Tapering is nice as you slow down a little and give your body a chance to rest before the big day but at the same time you are worry about loosing fitness. Since I have now many readers that are not runners I will try to explain you what "tapering" means. But to do so I could first like to to explain that most of the training programs has 3 phases:
- The base phase which develops endurance, the foundation of any distance-running plan. You can't just start training for a marathon or half if you have never run more than a block in your life!! You need to build some millage before getting serious about the training. There are different types of base depending the distance you are planning to train for. Once you are comfortable running some minimal miles you can move to the next phase.
- Phase two which depending on your goal it would add speed by introducing tempo runs and long repeats or distance by increasing your long runs. If you are training for a long distance race as a marathon you will start adding miles every week until you reach a "peak". After your peak you body will be ready for the race but since you have pushed and pushed it is recommended to give it a rest to get your optimal performance....and here is where the next phase starts.
- Tapering. This phase generally starts 21 days before your race date and means you run less and rest more. It is time to chill and let your body to recover. Muscles might have tissue damage that need to be repaired before the race. You need to eat proteins to help you muscles recover but also carbohydrates to replenish the energy you have used during your training. Your tank is empty and it is time to refill it!! Also during tapering you can pamper yourself with massages and hot bubble baths that will help your body to recover and relax....you see...training hard it is not that bad!!
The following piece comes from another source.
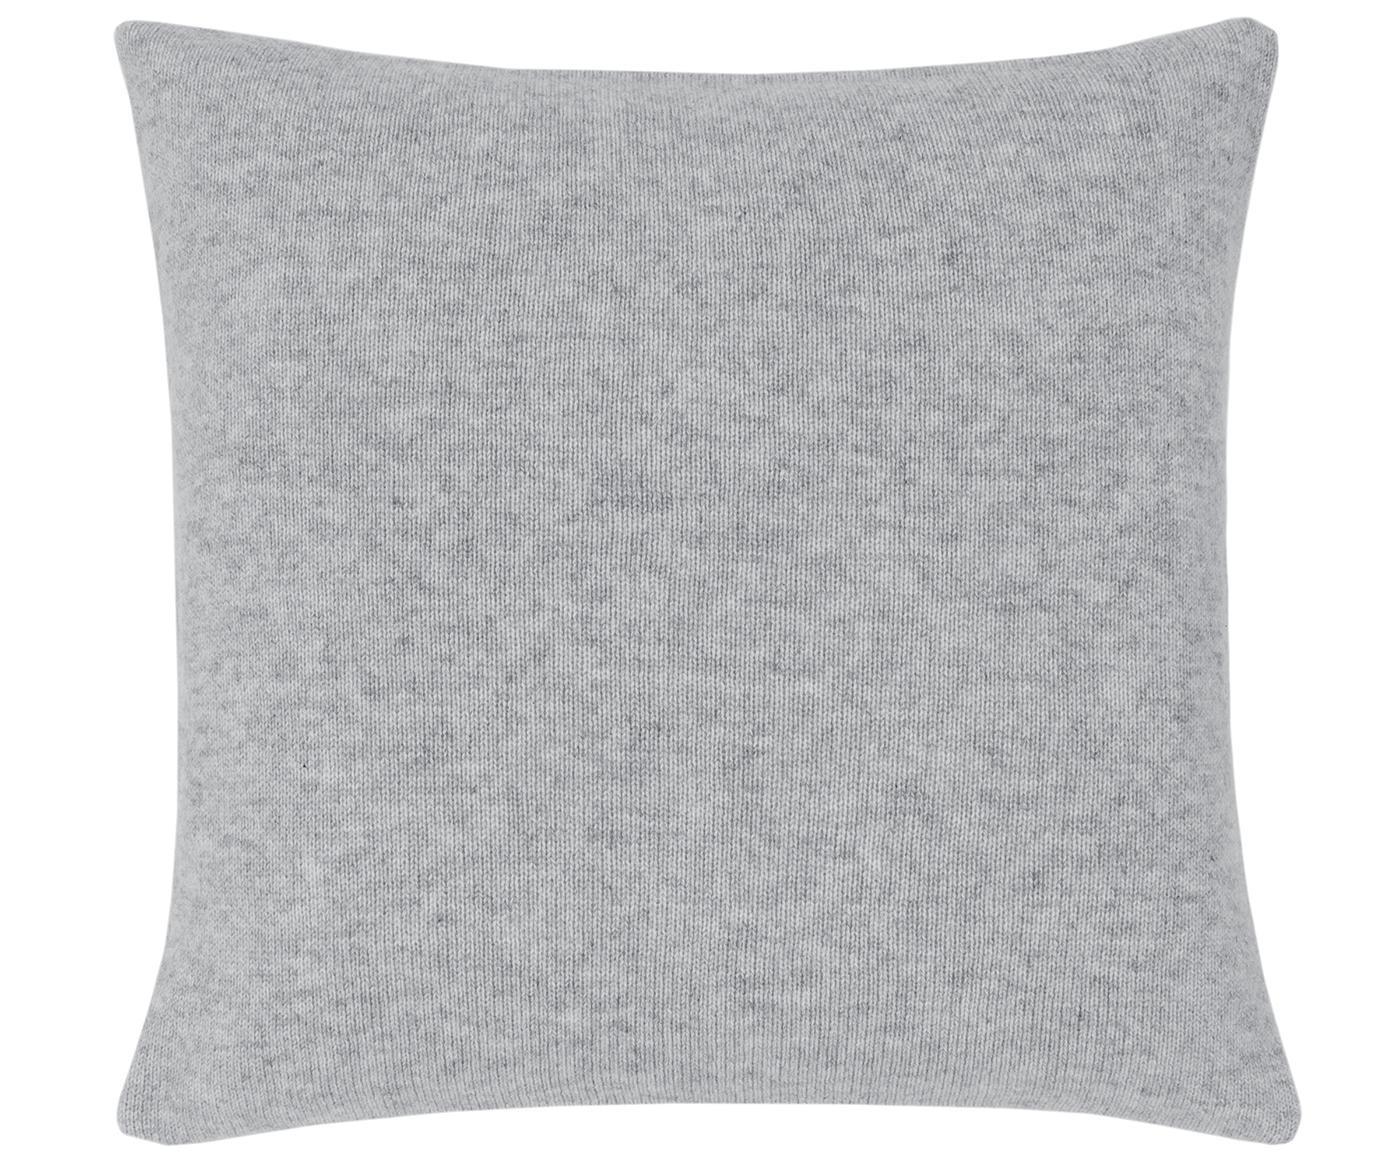 Federa arredo in maglia fine di cashmere Viviana, 70% cashmere, 30% lana merino, Grigio chiaro, Larg. 40 x Lung. 40 cm

I have been tapering for the last 2 weeks and will continuous in this way until race day. All the hard work is done and now it is time to recover and minimize accumulated fatigue. For some people, the idea of backing off on their training just before the big race is really disturbing because everyone is afraid to lose fitness and fail on race day. The truth is that in those last few weeks it's the rest more than the work that makes you strong. And you don't lose fitness in 3 weeks of tapering. In fact, studies show that your aerobic capacity doesn't change at all. But don't think you won't be doing anything!!! it is just that you slow down a little but you still need to go out and run!! in general you will be cutting your millage approximately 10% to 20% the first week, somewhere between 30% to 50% the second week and just do a couple of easy runs the last week.